Todos estos datos nos hacen llegar a dos conclusiones importantes. La primera es la referente al no cierre del conflicto armado en Colombia: las bacrim, las disidencias de las FARC, el ELN, y otros actores amados continúan con el fusil al hombro y hacen difícil hablar de un posconflicto real; un posconflicto que sirva realmente como cierre de heridas, recuperación de la memoria, y justicia y reparación para las víctimas. La última de estas conclusiones nos lleva a los intereses que puedan existir para mantener activo dicho conflicto. Los pasos que tanto el Gobierno de Iván Duque como su partido Centro Democrático están dando a la hora de ningunear o ignorar casos tan flagrantes de “guerra sucia” como los asesinatos de líderes sociales o de candidatos electorales nos hacen pensar en una estrategia muy clara: es necesario el conflicto para mantener el discurso político de buenos contra malos que tanto rédito ha dado al partido fundado por Álvaro Uribe. Ante una situación de violencia extrema extendida por todo el país, se hace necesaria (y más aceptable) una serie de respuestas extremas para atajar estos desmanes.

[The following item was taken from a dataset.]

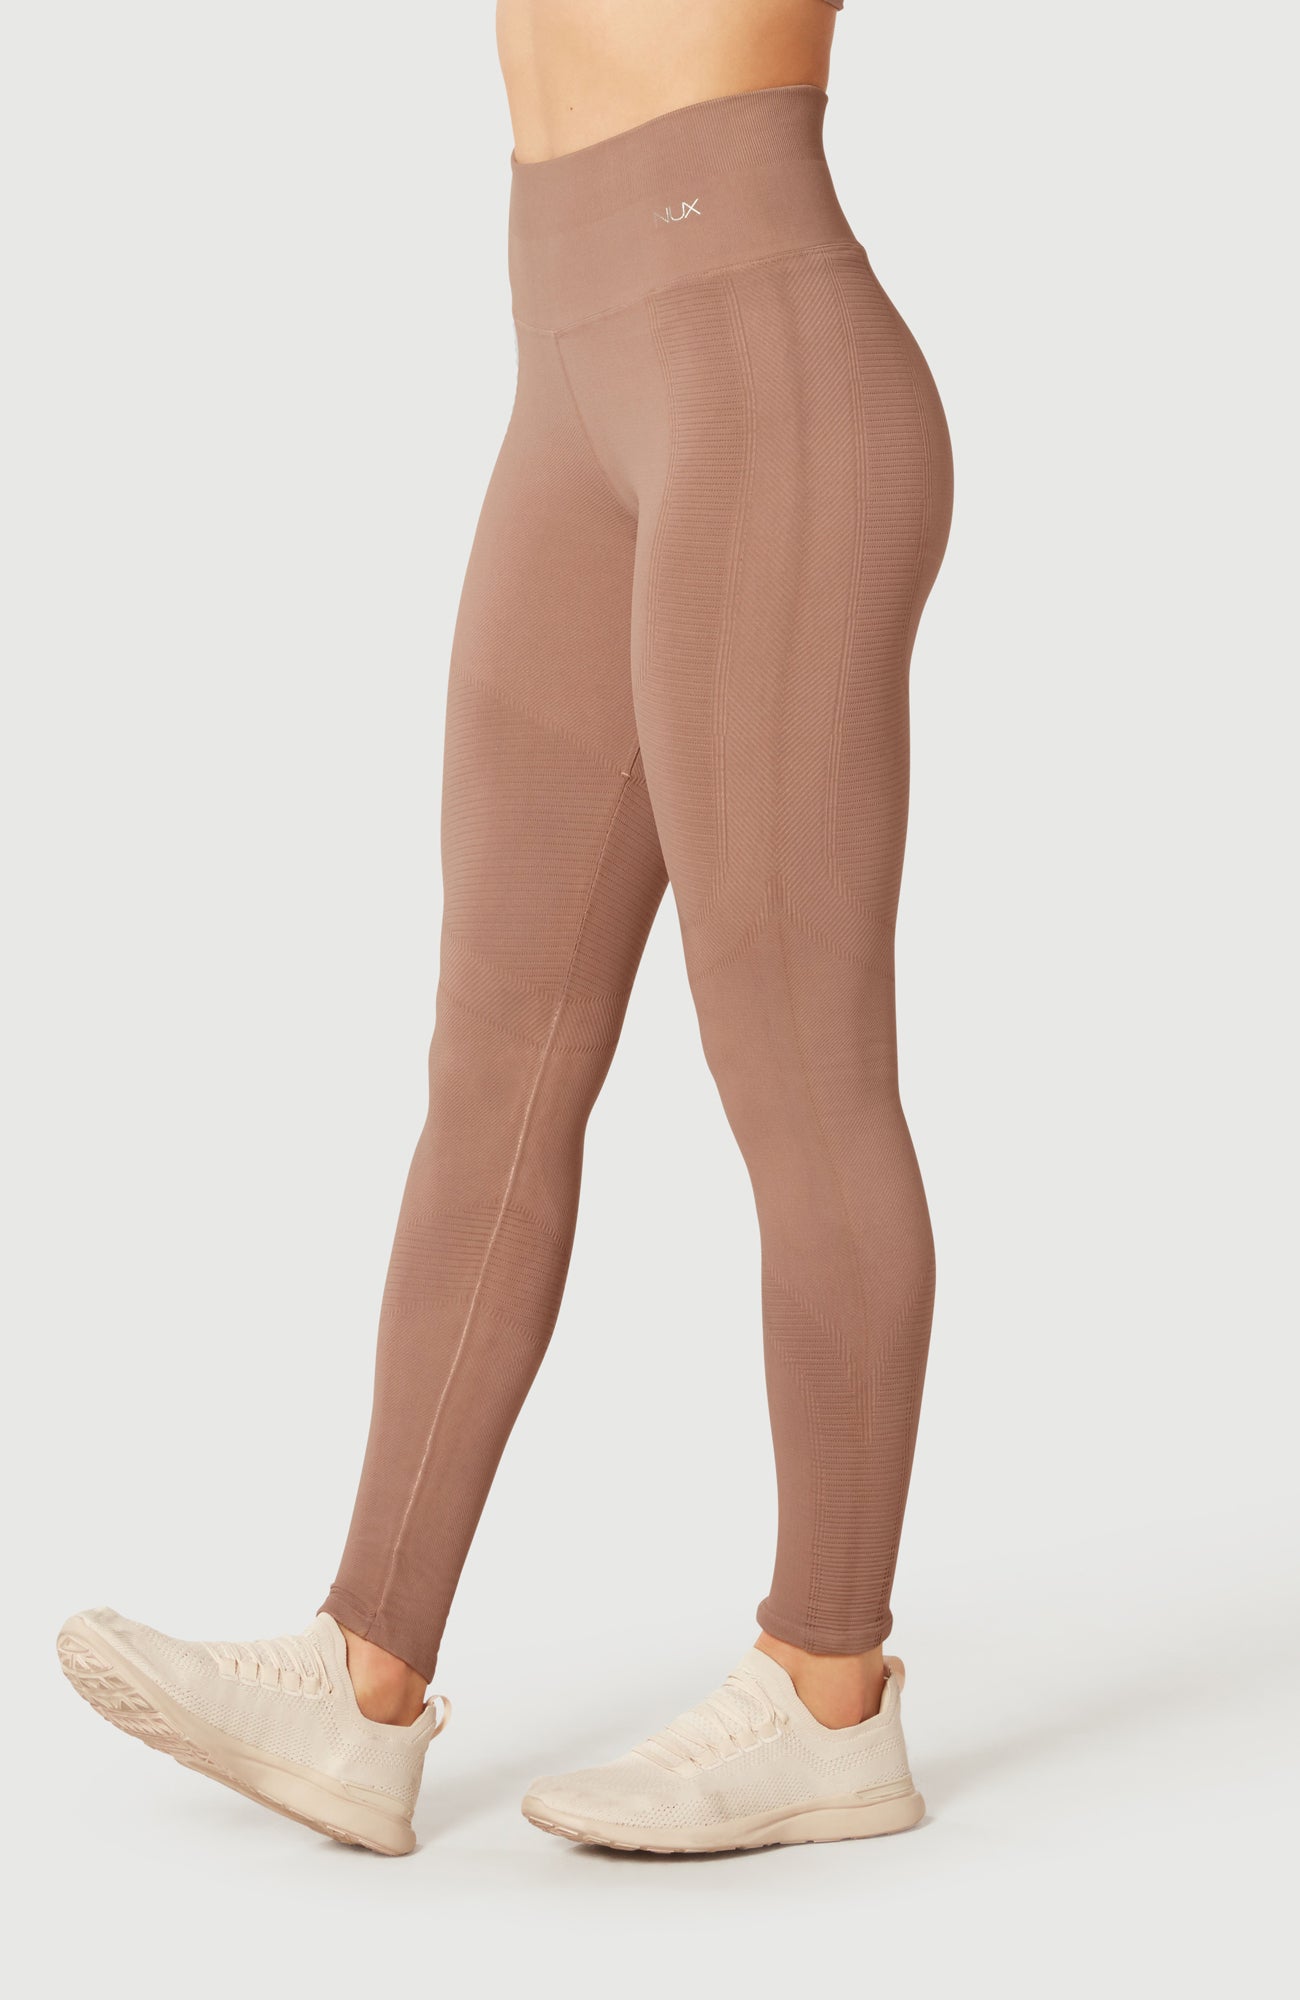 Unique Design Basin and Range x Nux One By One Legging - Women's Discount  Sales Up 50%
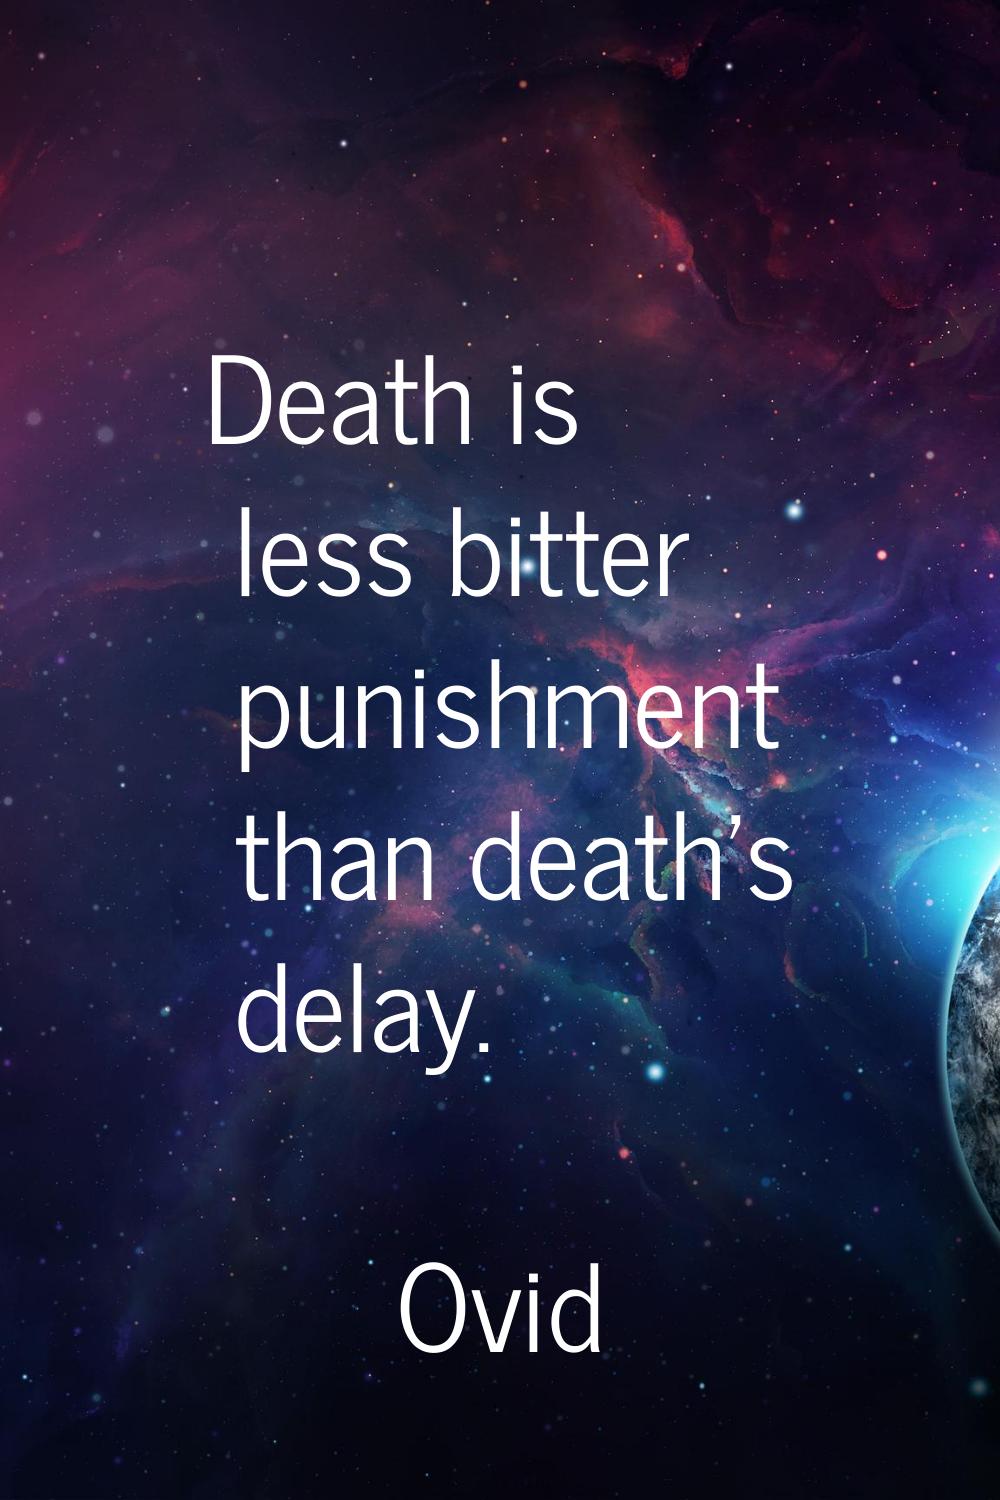 Death is less bitter punishment than death's delay.

Por lo tanto, y para finalizar, no termina de quedar claro si esta sangría es “natural” y viene dada por una serie de circunstancias que escapan al control del Estado y el Gobierno o es una situación derivada de los más de cincuenta años de enfrentamiento armado y espoleada por un Gobierno al que podríamos señalar de irresponsable, capaz de cualquier cosa con tal de no aceptar los Acuerdos de Paz de La Habana.
Solo queda esperar y observar detenidamente todo lo que ocurre para concluir si el postconflicto es sangriento por naturaleza o lo están tiñendo de sangre adrede.